François Bayrou met son gouvernement en jeu sur une proposition de budget insensée.
Celui qui, dès 2007, alertait sur la dette abyssale de la France, se révèle incapable de faire mieux. Le constat est sans appel : ceux qui, depuis des décennies, nous ont poussés à dépenser plus que ce que nous avions… n’ont aucune idée pour nous en sortir.
Non seulement plus personne ne nous propose de projet de société, pas d’« après-demain » qui nous ferait accepter un « demain » plus difficile (les politiques semblent oublier que l’austérité n’est pas une vision d’avenir).
Mais en plus… on nous divise.
👉 Il y a deux mois, Bayrou stigmatisait les jeunes.
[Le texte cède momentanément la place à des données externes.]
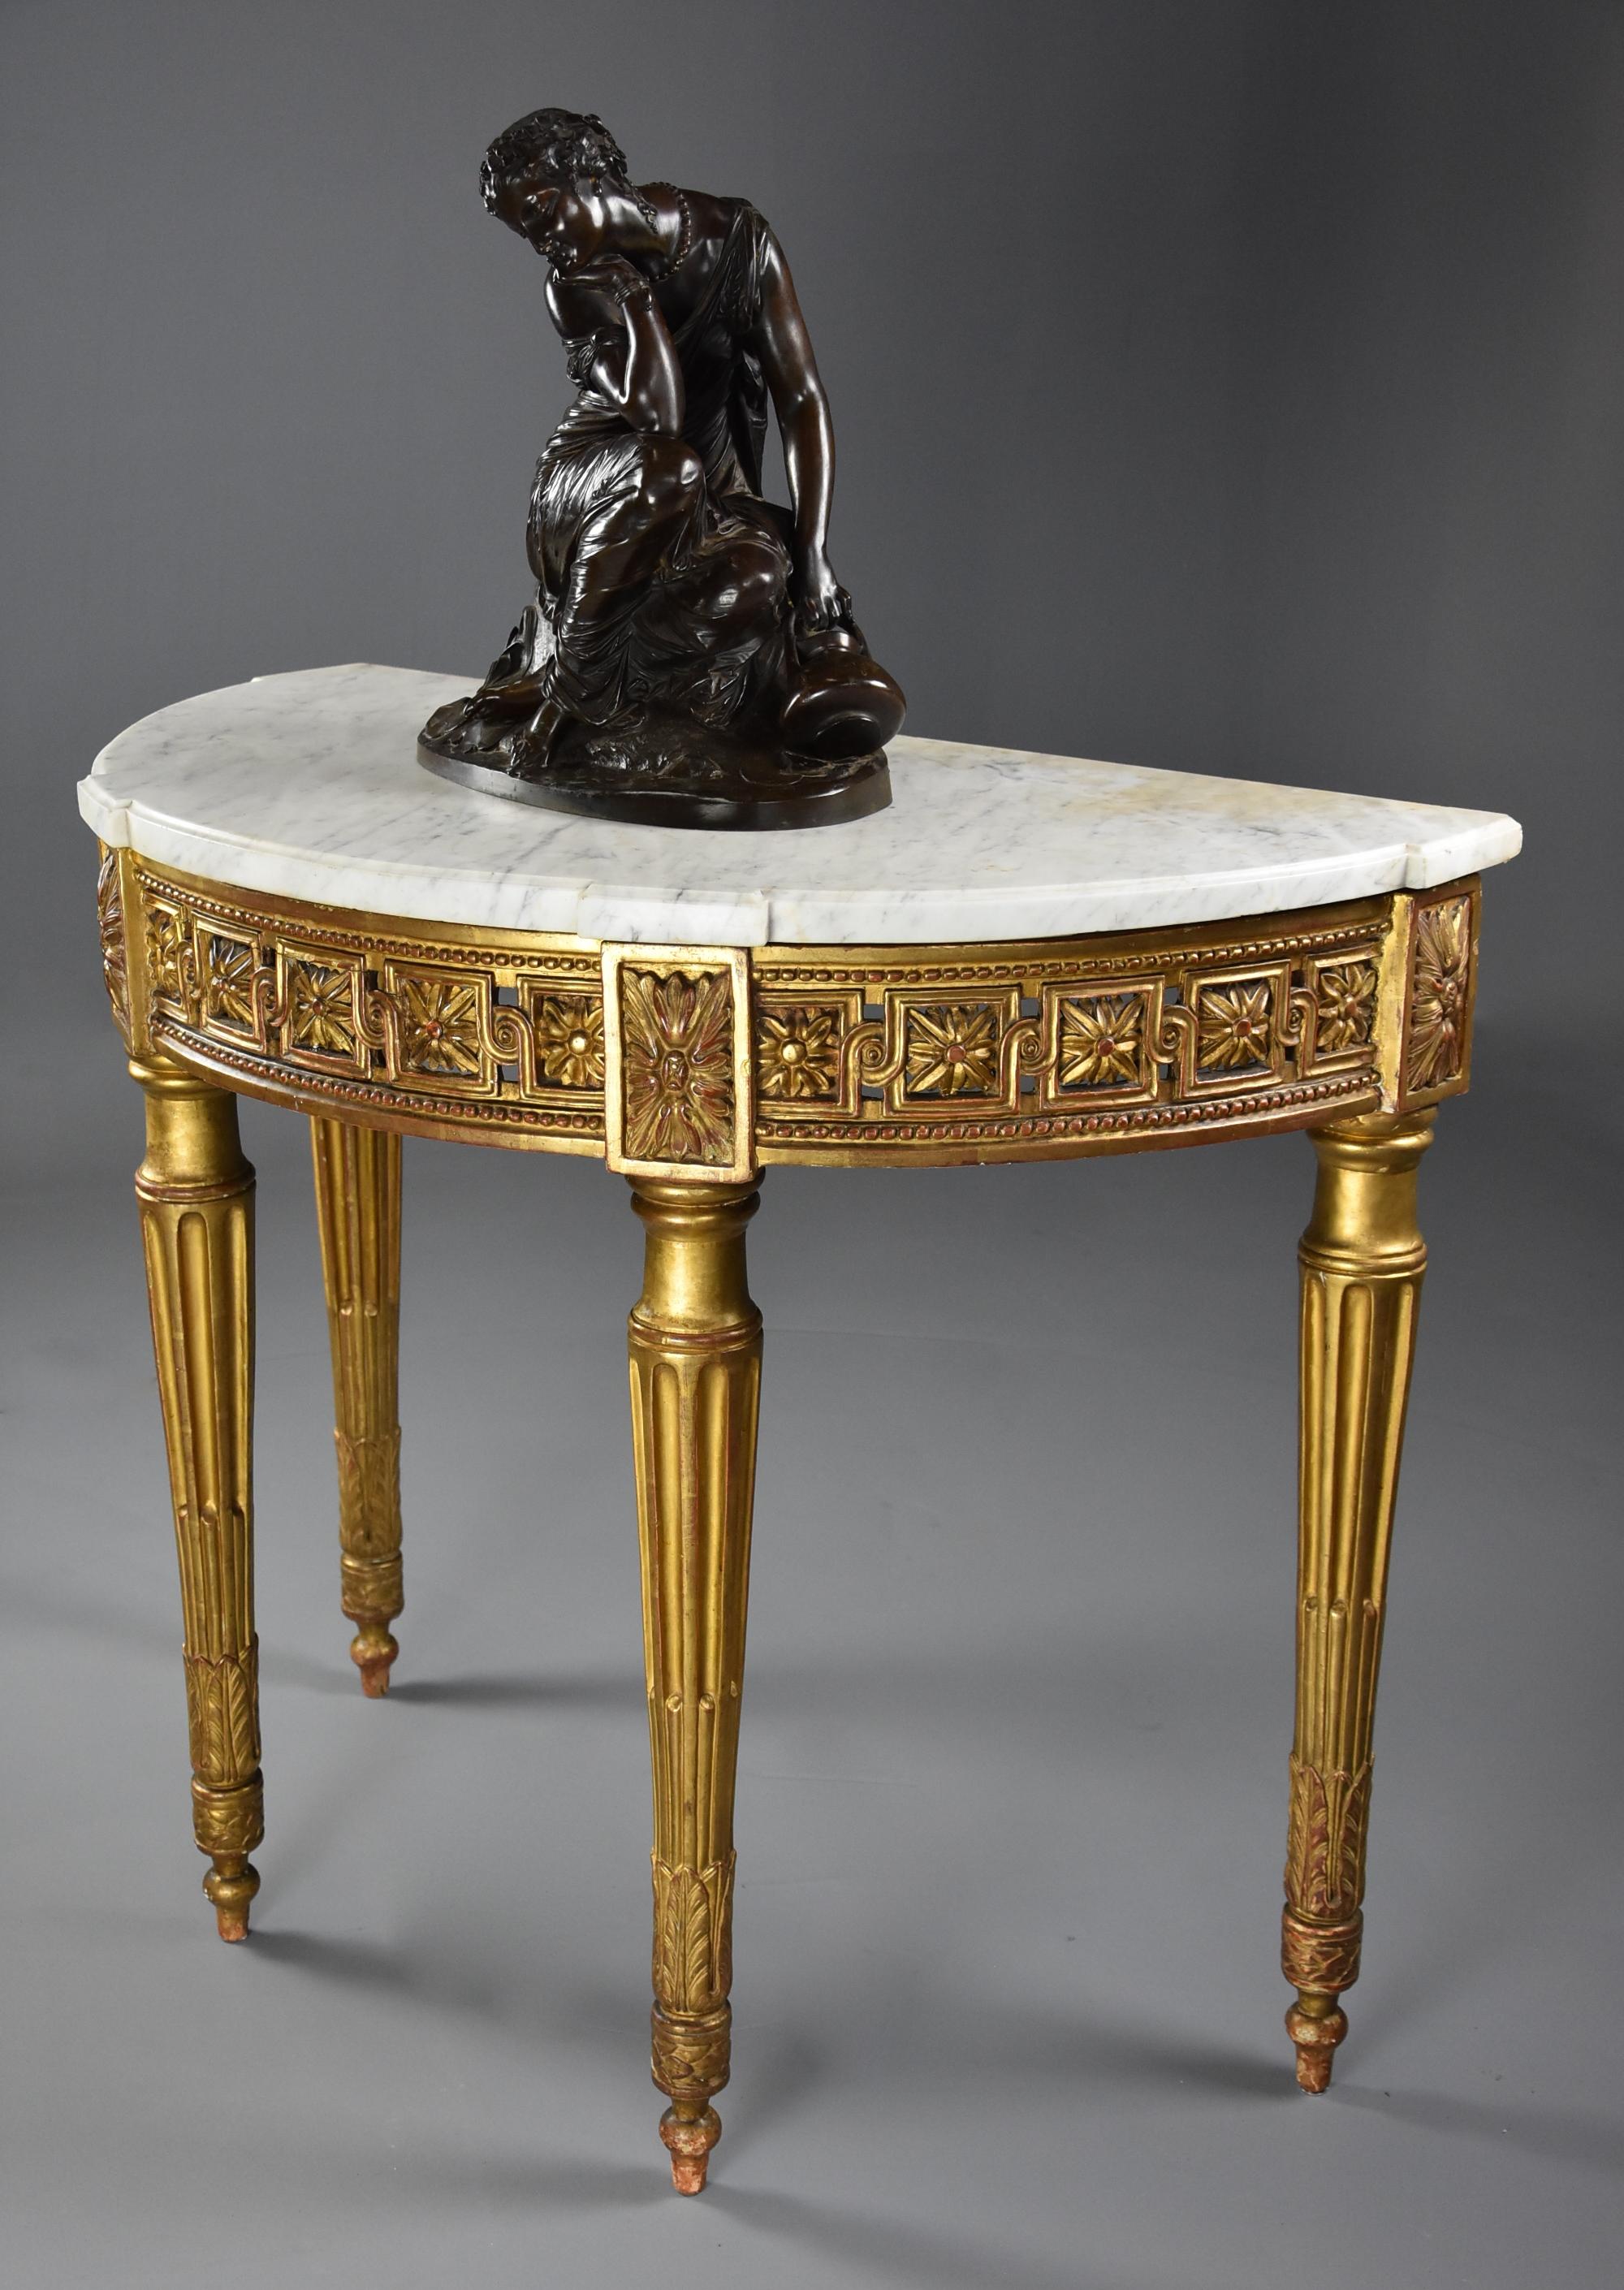 Highly Decorative 19th Century French Demilune Gilt Console Table In Good Condition For Sale In Suffolk, GB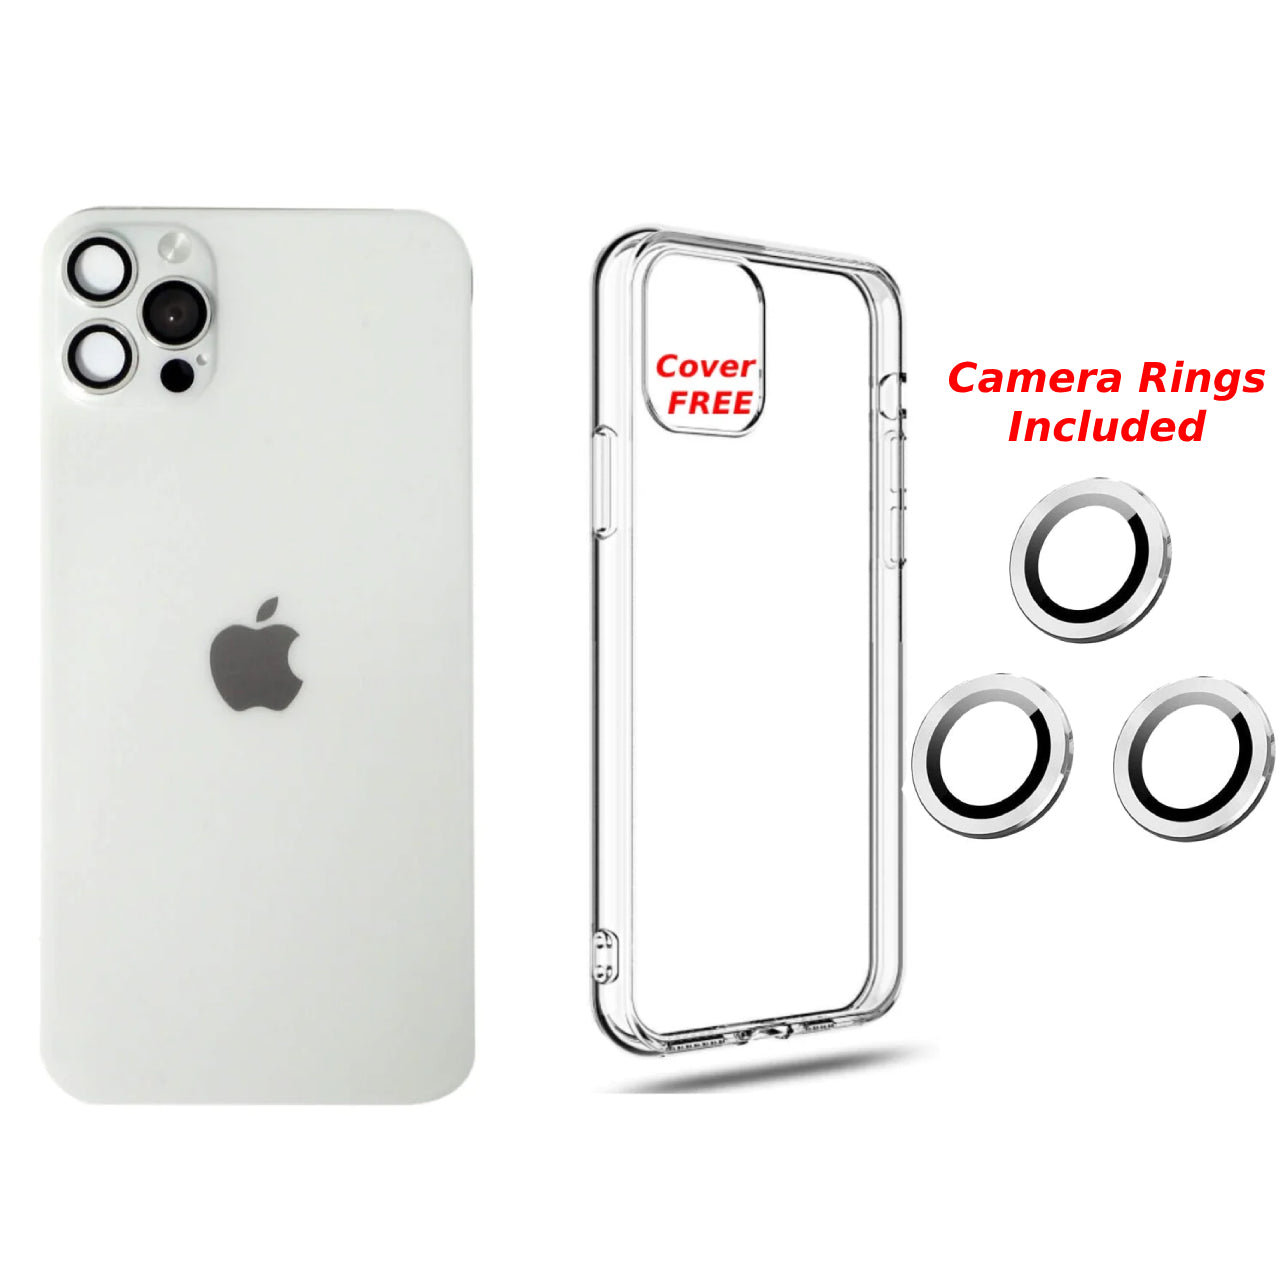 iPhone 12 to iPhone 13 Pro Converter - (Free Cover Included) and CAMERA RINGS

Génération feignasses, ça sonnait bien dans les discours.
👉 Aujourd’hui, ce sont les boomers qui sont visés : Papi et Mamie s’en mettent plein les fouilles et ne dépensent pas assez !
Demain, ce sera qui ? Les genres ? Les ethnies ? Les régions ? Quand il s’agit de trouver des excuses, la créativité politique devient soudainement sans limite.
Au revoir François, donc.
Tout ça n’est pas seulement ta faute, cela fait des décennies que nos dirigeants font n’importe quoi avec notre argent.
Mais oui, on était en droit d’espérer mieux.
Mieux que des phrases stigmatisantes.
Mieux que la suppression de deux jours fériés pour « redresser » notre compte en banque collectif.
Je te laisse, faut que je bosse. Parce que même si on a de moins en moins de profs et de médecins (chez nous, les urgences ne prennent même plus les urgences !), mes impôts augmentent sans cesse.
À la revoyure, François. Je ne doute pas que tu sauras rebondir vite.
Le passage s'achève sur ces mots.